Cyberweekly #98 - Governance isn't a dirty word
Published on Sunday, April 19, 2020
I've spent a long time working in Agile. I was on one of the first really big agile programmes of work at the Guardian, and introduced to many of the concepts by people who went on to be great thinkers and definers in agile development.
As I've grown through the process however, I've noticed that a lot of people proclaiming the wonder of agile have a strong distaste for any form of "Governance". They use it as a dirty word, to sum up and summarise the weeks and months that projects spend trying to get approval for change, or release authority, or technical design authorities.
We confuse authority of decision making for informational awareness all the time, and we call both "Governance".
As organisations, the leaders need to know what decisions are being made in the organisation in order to lead effectively. The old Spotify model trope, where a leader provides direction to bring "alignment", but allows teams autonomy to make decisions on how to get to the solution to the problem requires leaders to both identify and communicate a problem, but also if they are to iterate their goals, their directions and the articulation of the problem, requires them to have visibility and understanding of the decisions that teams are making.
This ability to see and understand where teams are making decisions, to see outliers where someone is doing something novel and unusual and be able to drill down into why is the heart of Governance. If your teams make technical decisions, and I believe that delivery teams must be enabled to make their own decisions, then you also need some mechanism for those decisions to be recorded and to be broadcast out to other teams, and up the management chain.

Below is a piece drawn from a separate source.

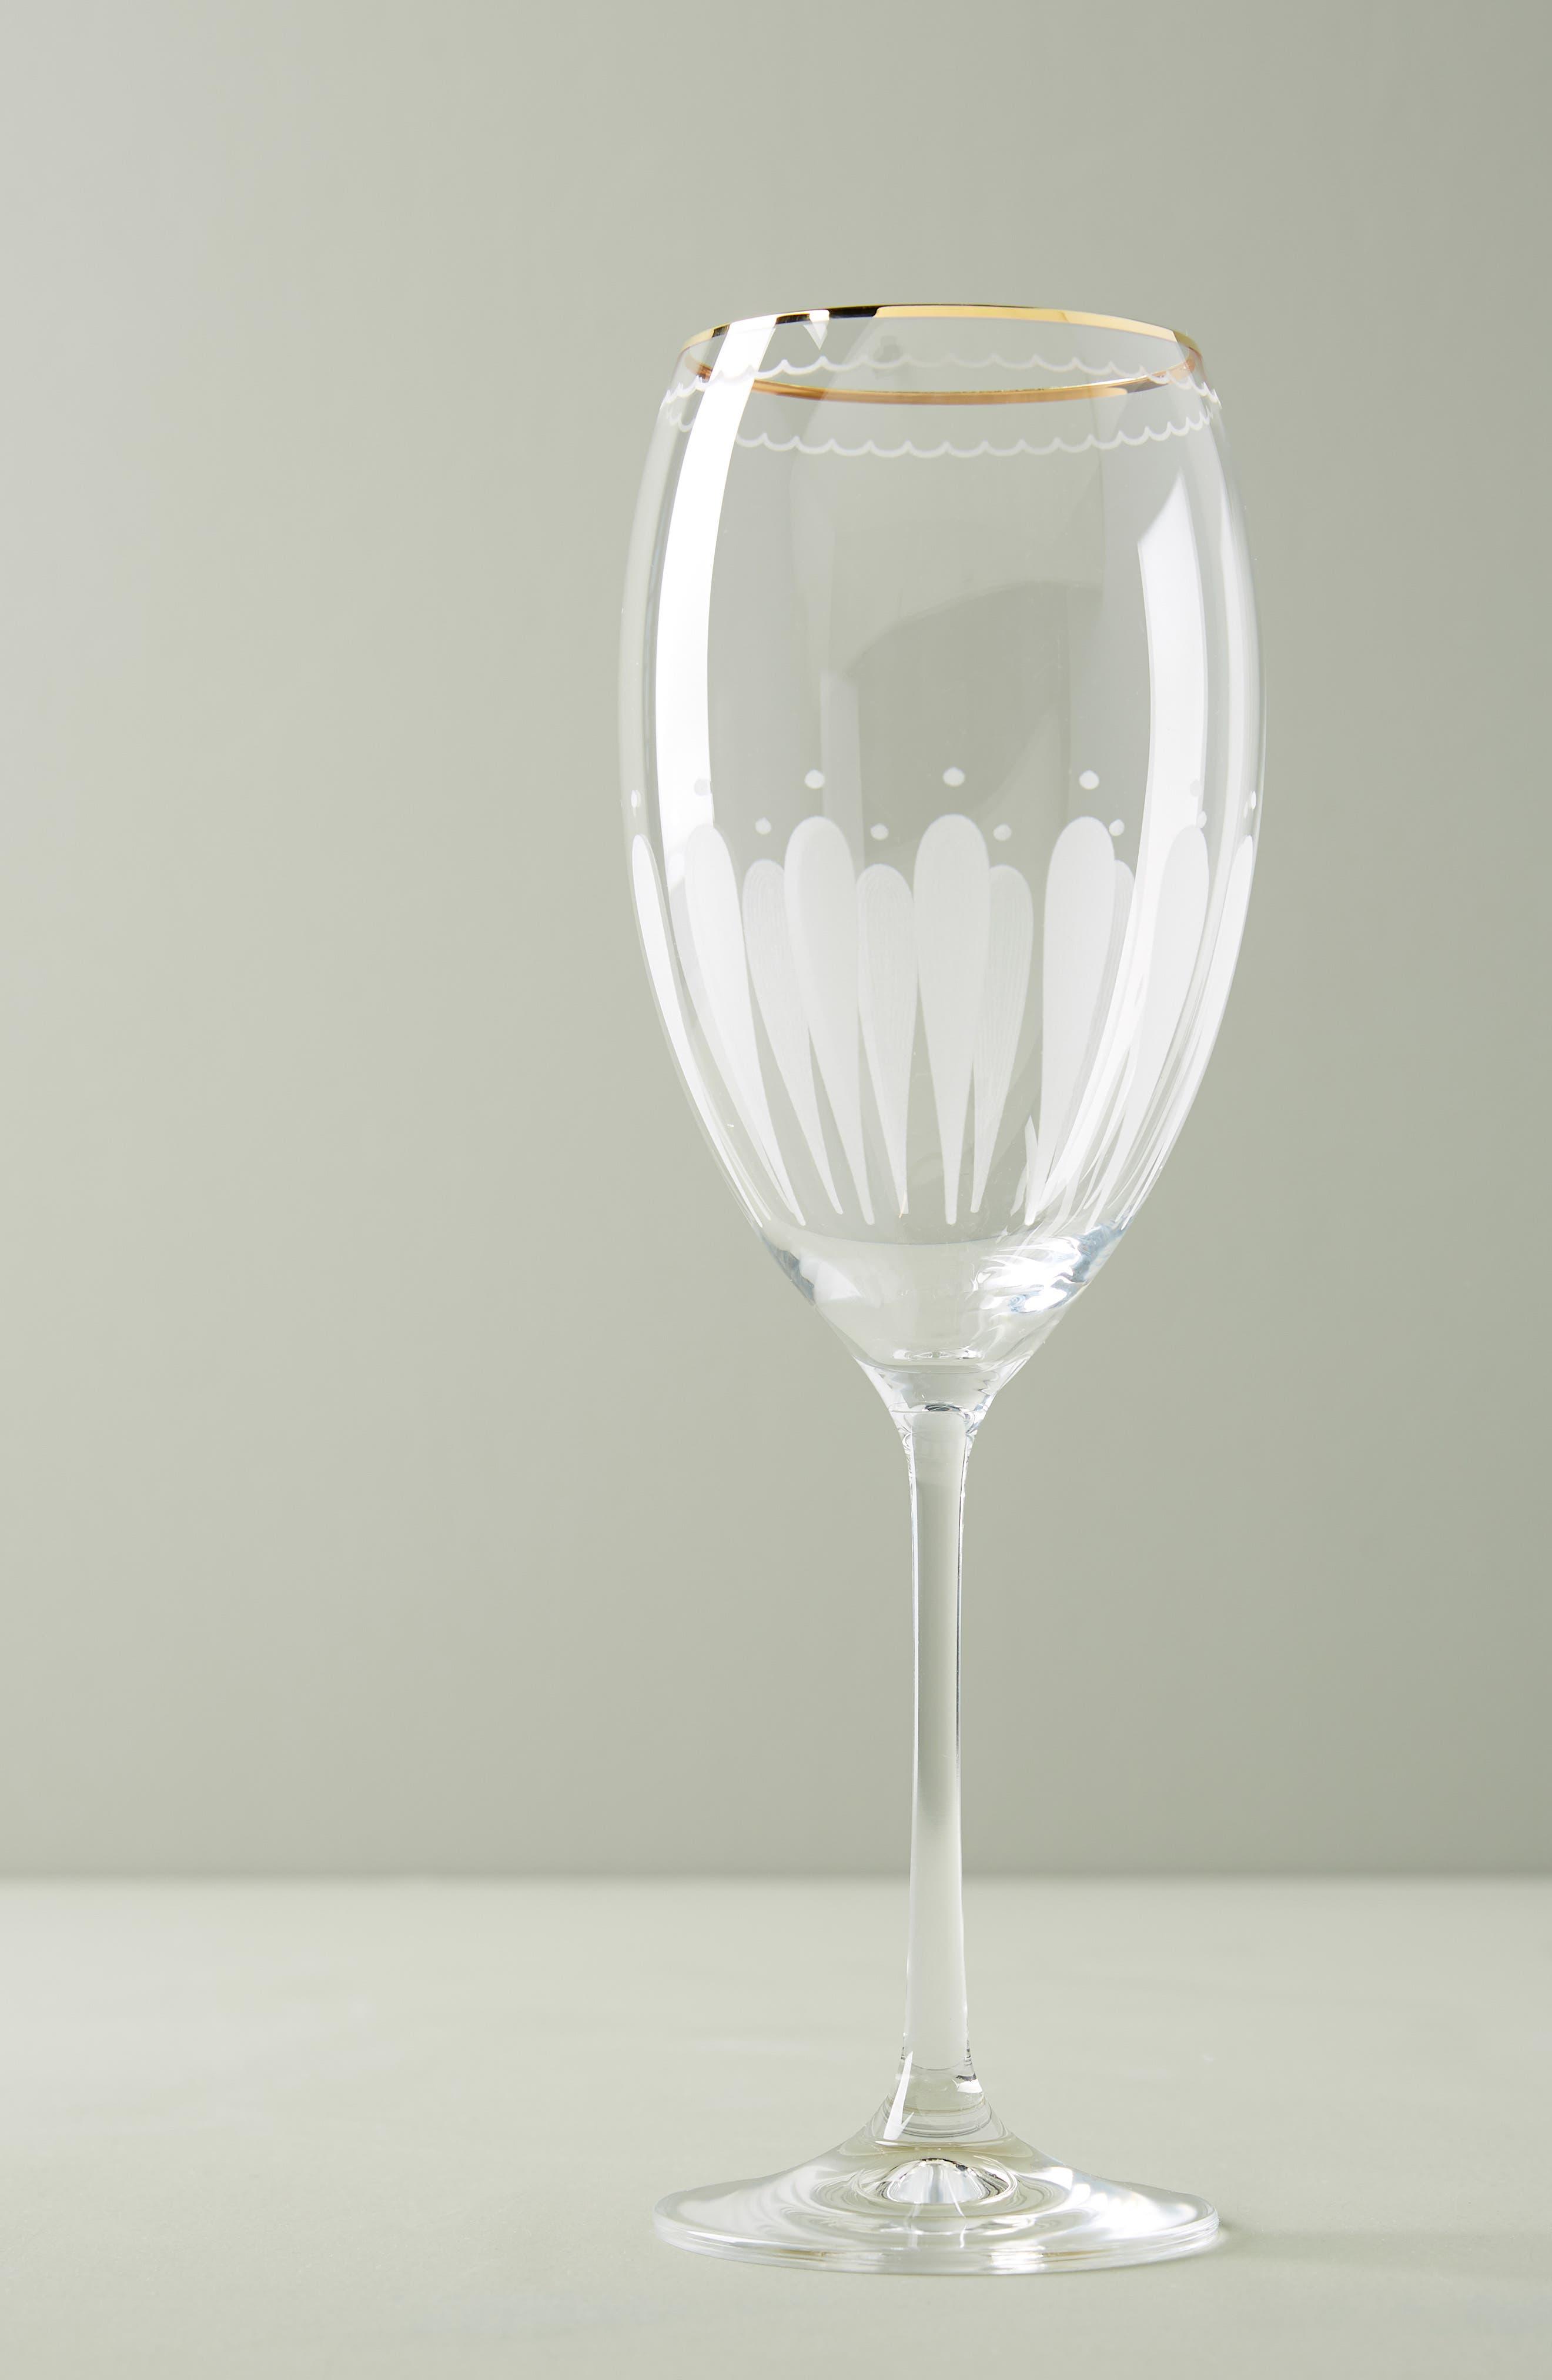 Odele Set of 4 Wine Glasses, Main, color, CLEAR

If you have 20 teams, and you declare that you think that the only true agile governance is through "show and tells", then you are requiring every manager to put aside 20 x 30 minute slots of time each week/fortnight/iteration to see what the teams are doing. You also need the teams to agree on who gets what time slot to ensure that senior managers can go to every show and tell, that none overlap. If you grow your organisation to 100 teams, then your entire executive board no longer has any working time in a given week for any work other than going to show and tells.
Instead, we need technical governance, mechanisms where tech leads can coordinate, feedback and increase team alignment without slowing down the teams. We need cultural governance that allows team structures and delivery artefacts to be consistent, so that reporting and understanding of the teams is nicely aligned. We need all these governance mechanisms to understand where people make decisions that deviate from the majority of teams, in order to understand whether that team has a unique context, or whether the default decision for the organisation needs to change.

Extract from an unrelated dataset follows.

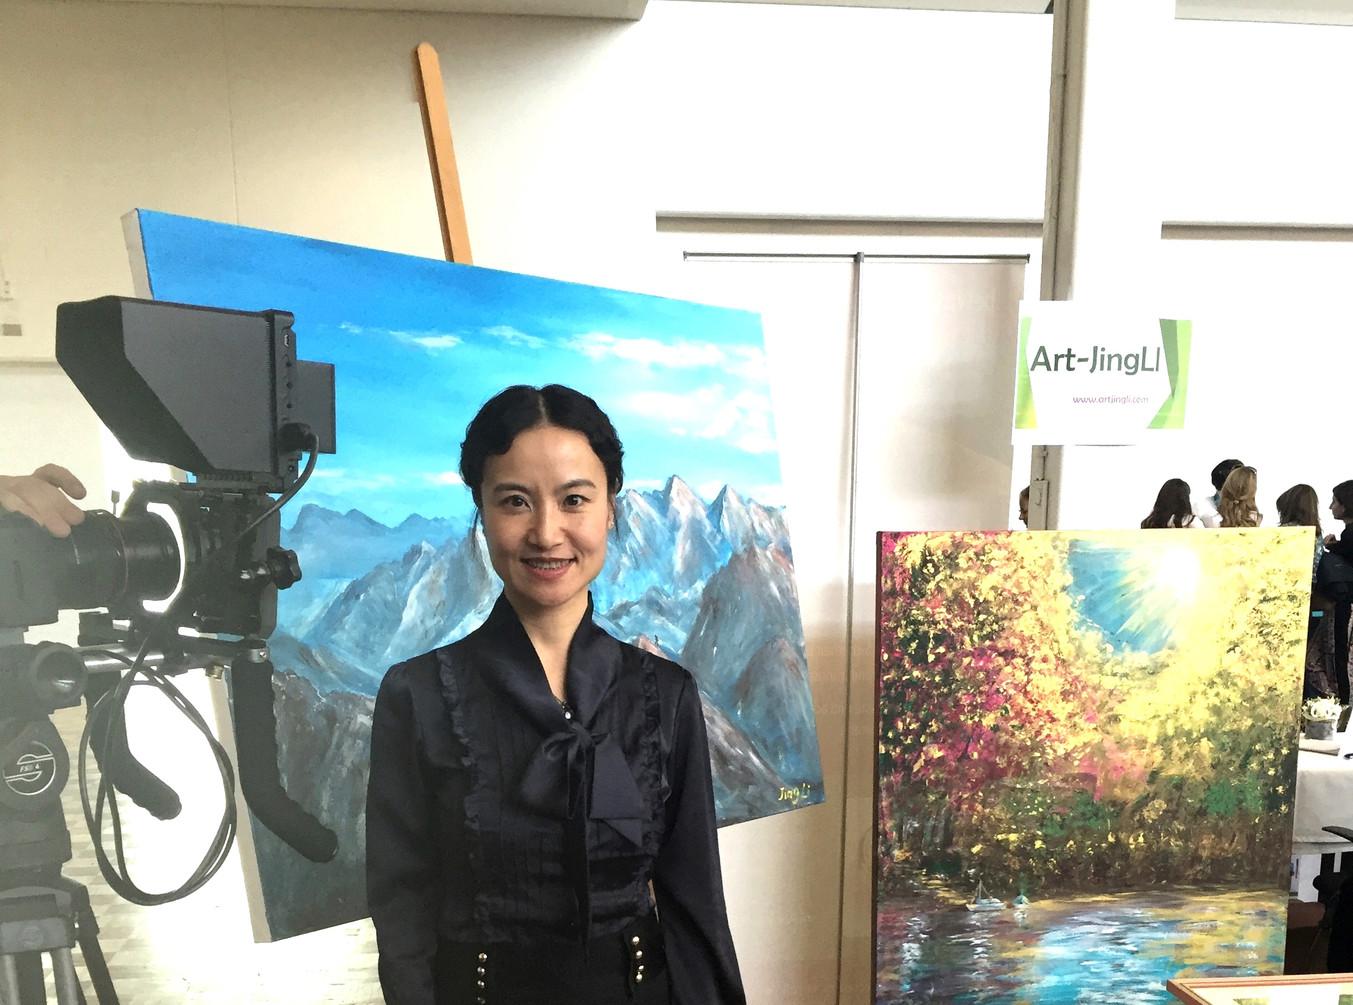 Interview innovative artist

Without these mechanisms in place, you can set out what you want to achieve all you like, but you'll never know whether your vision is being delivered upon, because in any organisation of any reasonable size, you just won't get the feedback about the effectiveness of your problem definition, you won't get feedback on how effectively your current technology and culture works and you won't know whether you are being effective.
Governance isn't a dirty word, it's even more necessary in the volatile, uncertain, complex and ambiguous world that agile works with so effectively.
Amazon Detective works across your AWS accounts, it is a multi-account solution that aggregates data and findings from up to 1000 AWS accounts into a single security-owned “master” account making it easy to view behavioral patterns and connections across your entire AWS environment.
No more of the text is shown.